Ты счастливчик, техник-интендант, счастливчик!
Молодой, война прогнала все болезни,
Впереди, — кто знает, что случится впереди,
Как певал твой отец.
Ты побрился утром перед зеркальцем в грузовике,
В боковом кармане запыленной венгерки
Куча денег: дивизионный начфин
Выдал за четыре месяца сразу.
Какой же ты ловкий, — ты удачливый, умный,
И ты не убит, и умеешь обращаться с начальством,
И как тебя красит степной, черно-красный загар!
Пять полуторок ты раздобыл для дивизии,
Раздобыл за три дня, — и неделя в запасе.
Гуляй!
Документы в порядке, в Краснодаре весна,
Возле мазанки, синей по здешним обычаям,
Где живут какие-то родичи Помазана,
Пять полуторок смотрят друг другу в затылок,
И все они новые, и все защитного цвета,
И густо блестят неровно положенной краской,
И вызывают почтенье к хозяевам дома.
А старенький наш грузовик, побуревший от пыли,
Помятый войною осколок степи,
Стоит во дворе под широким каштаном.
На зеленых бушлатах в кузове спят шофера,
Когда возвращаются на рассвете от женщин,
А вы с Помазаном на веранде лежите, как боги,
На простынях хозяйских.
Ты пьян от вина, от вкусной базарной еды,
От весны, от ожиданья чего-то чудесного,
От того, что ты в городе, где есть вино и бульвары,
Где нет под тобой — седла, пред тобой — врага,
Над тобой — начальника, нет ковыля и полыни.
Вот сейчас
Ты задумчиво спрыгнул с открытой площадки трамвая,
Постоял и от нечего делать
Вошел в магазин, где на полках — книги, тетради
Из оберточной, серой бумаги, линейки, пеналы.

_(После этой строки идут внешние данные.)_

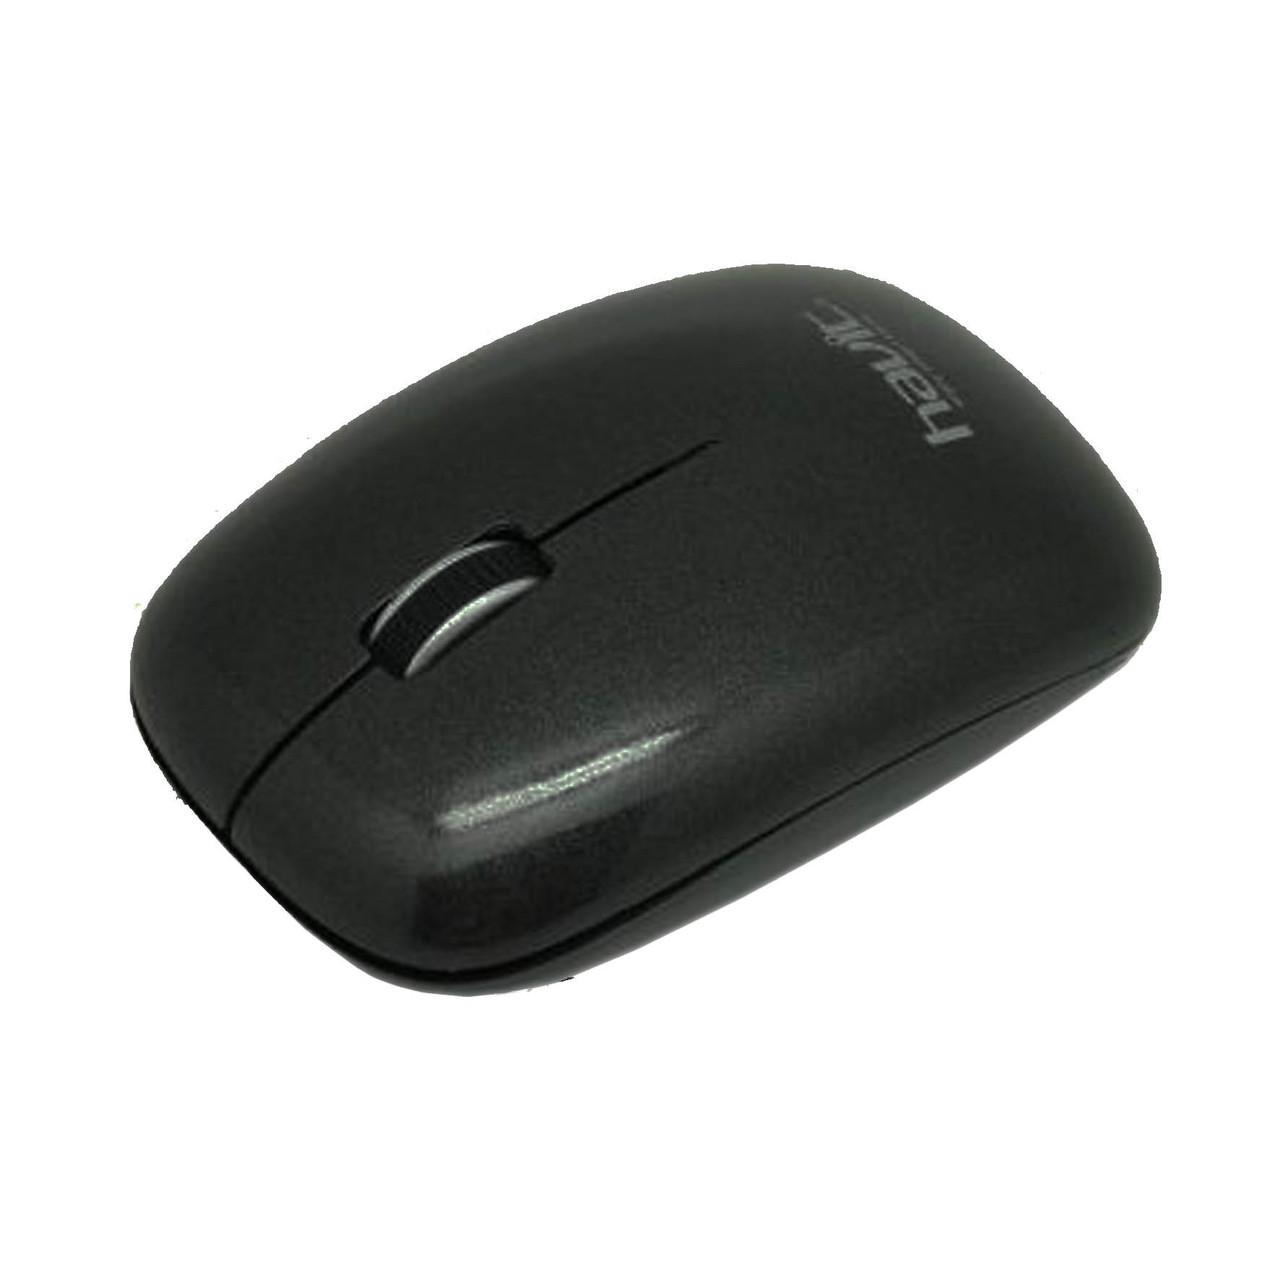 Беспроводная мышка для компьютера mouse HAVIT  HV-MS903GT Wireless USB, black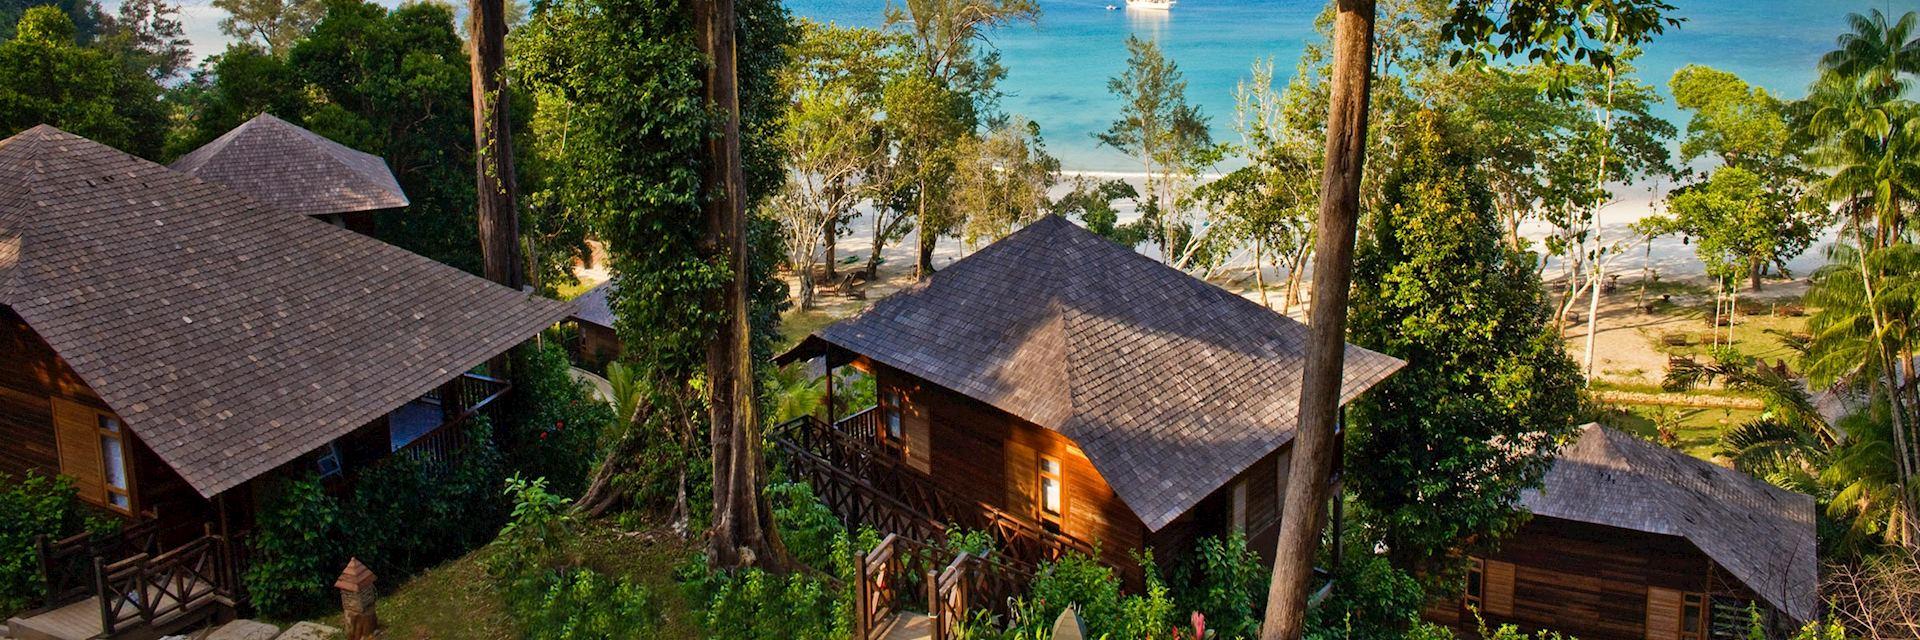 Bunga Raya Island Resort, Borneo

Грязно-седая, с накрашенными губами продавщица
Встречает отказом: — Домино и карты — по заявкам! —
А ты несыто, разочарованно смотришь на книги,
И остро вдруг вспоминаешь, что ты — филолог,
И неизвестно зачем покупаешь польско-русский словарь.
— Вы интересуетесь разговаривать на польском? —
У того, кто спрашивает, нерусский акцент
И пиджак нерусского покроя.
Загорелая лысина круто нисходит на брови,
Тяжелые, черные, как у владык ассирийских.
В запавших глазах — местечковое пламя смятенья,
Горбатый нос облупился, щеки небриты,
Он обдает тебя смешанным запахом кожи,
Конского пота, вина, чеснока и навоза.
Ты выходишь на улицу вместе с новым знакомым.
В Польше он был адвокатом, теперь он сторож
В пригородном совхозе, вон там, за рекою.
Он так тебе рад! Он учился в Варшаве и в Вене,
Был коммунистом, был в Поалей-Ционе,
Теперь увлечен толстовством.
Жестикулируя, самозабвенно картавя
(Давно ты заметил, что каждый картавит по-своему),
Путая все диалекты, в ухо кричит имена —
Каутский, Ганди, Бем-Баверк, и Фрейд, и Бергсон.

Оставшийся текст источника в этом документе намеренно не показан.